**Task requirements**
Without including any pictures, copy every line below exactly.

**Exercise data**
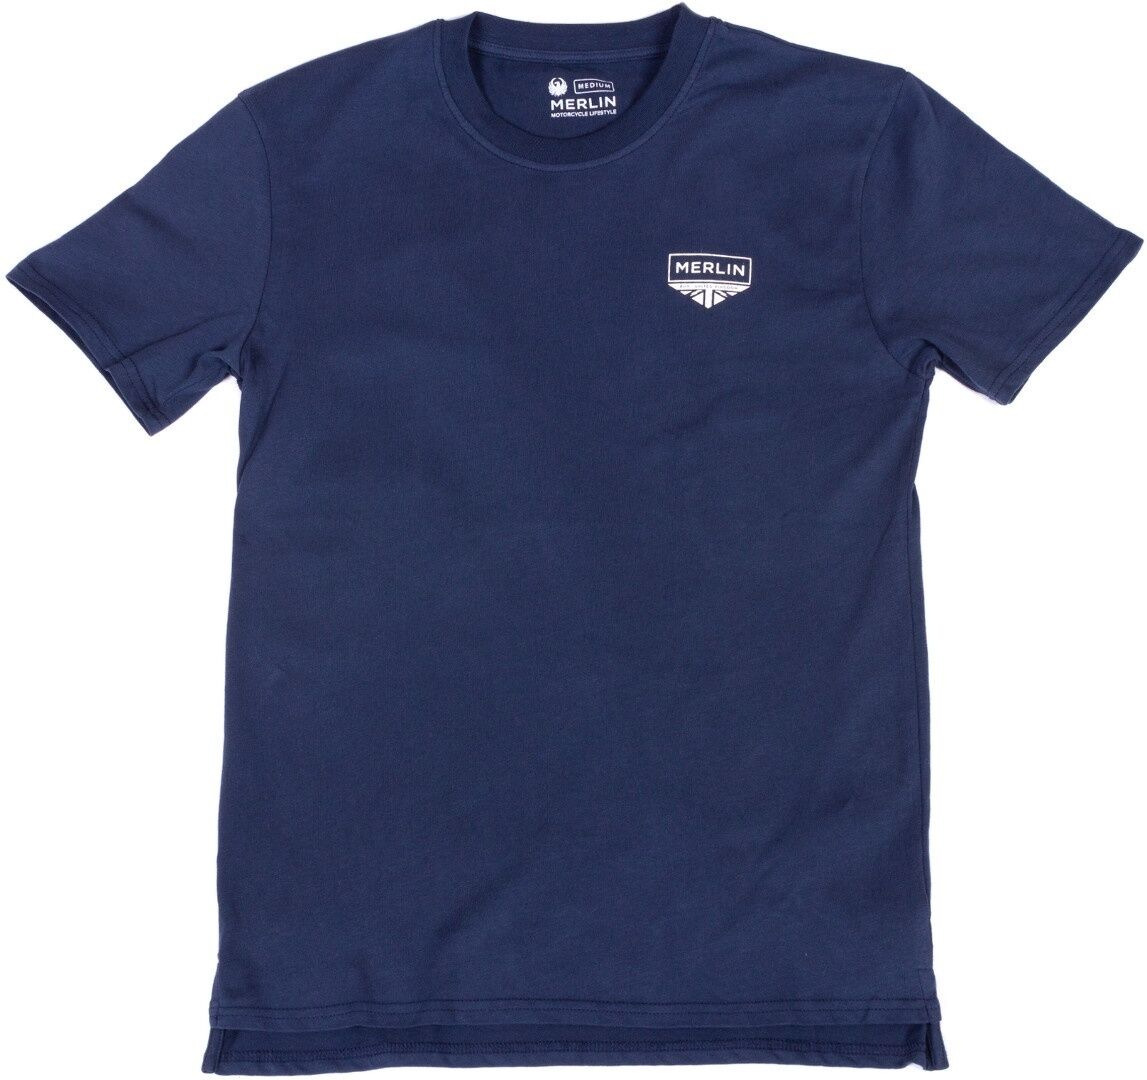 Merlin Truro Signature Camiseta - Azul (3XL)
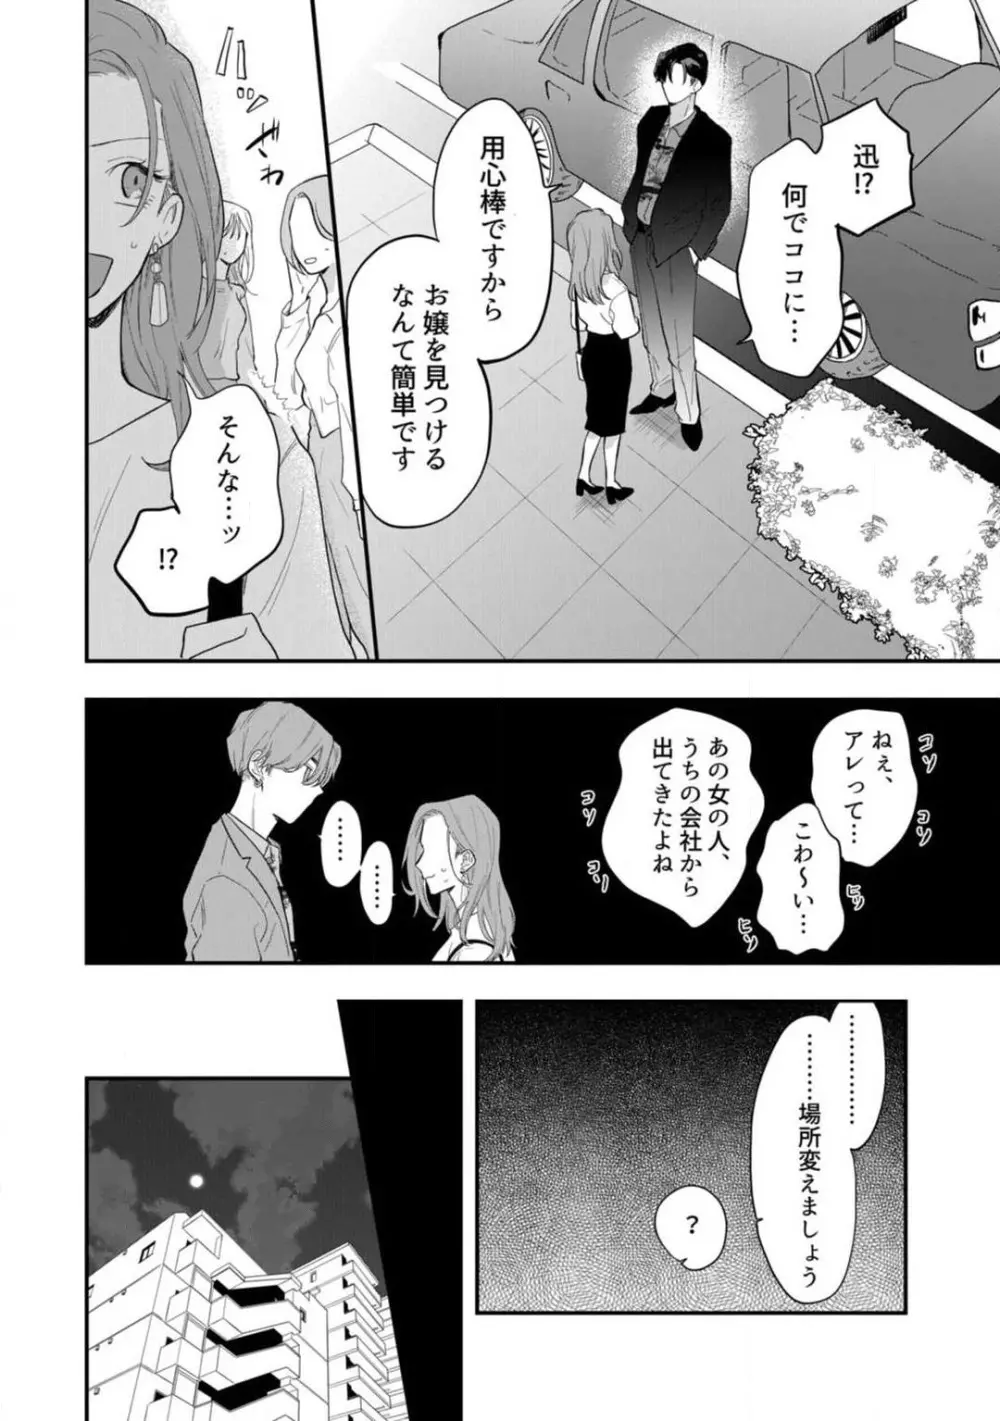 一途な束縛ヤクザはお嬢を離さない!? 〜秘密の恋人生活〜 1-3 11ページ
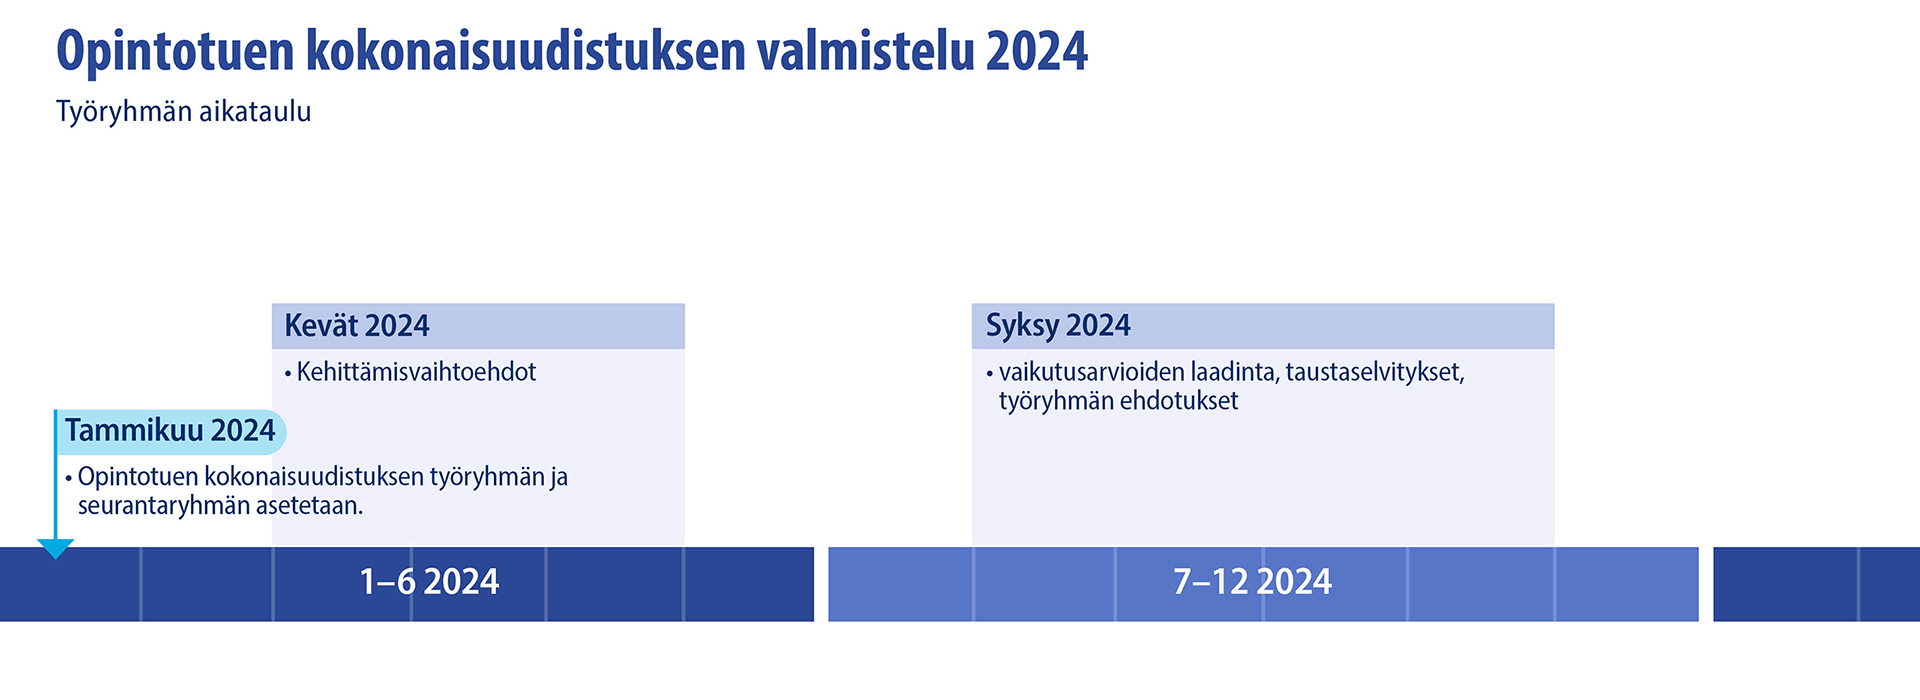 Opintotuen kokonaisuudistuksen valmistelu vuonna 2024. Keväällä työryhmässä kartoitetaan kehittämisvaihtoehtoja. Syksyllä vuorossa on vaikutusarvioiden laadinta, taustaselvitykset ja työryhmän ehdotukset.
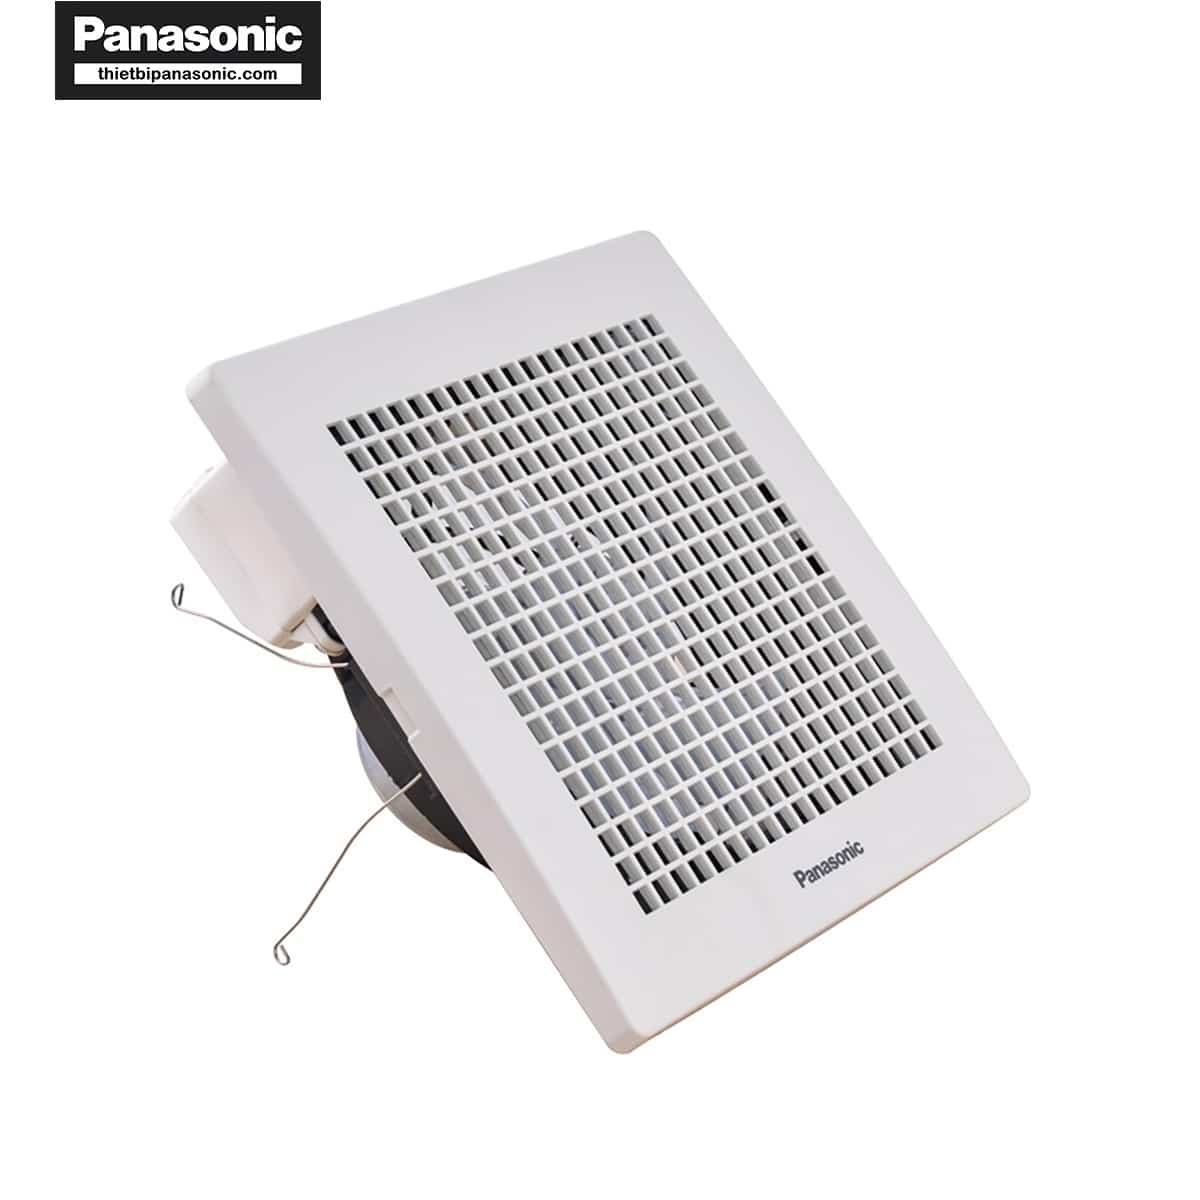 Quạt hút âm trần Panasonic FV-20CUT1 23W có thiết kế vuông vức, cứng cáp

**Exercise result**
 Merlin Truro Signature Camiseta - Azul (3XL)
 一途な束縛ヤクザはお嬢を離さない!? 〜秘密の恋人生活〜 1-3 11ページ
 Opintotuen kokonaisuudistuksen valmistelu vuonna 2024. Keväällä työryhmässä kartoitetaan kehittämisvaihtoehtoja. Syksyllä vuorossa on vaikutusarvioiden laadinta, taustaselvitykset ja työryhmän ehdotukset.
 Quạt hút âm trần Panasonic FV-20CUT1 23W có thiết kế vuông vức, cứng cáp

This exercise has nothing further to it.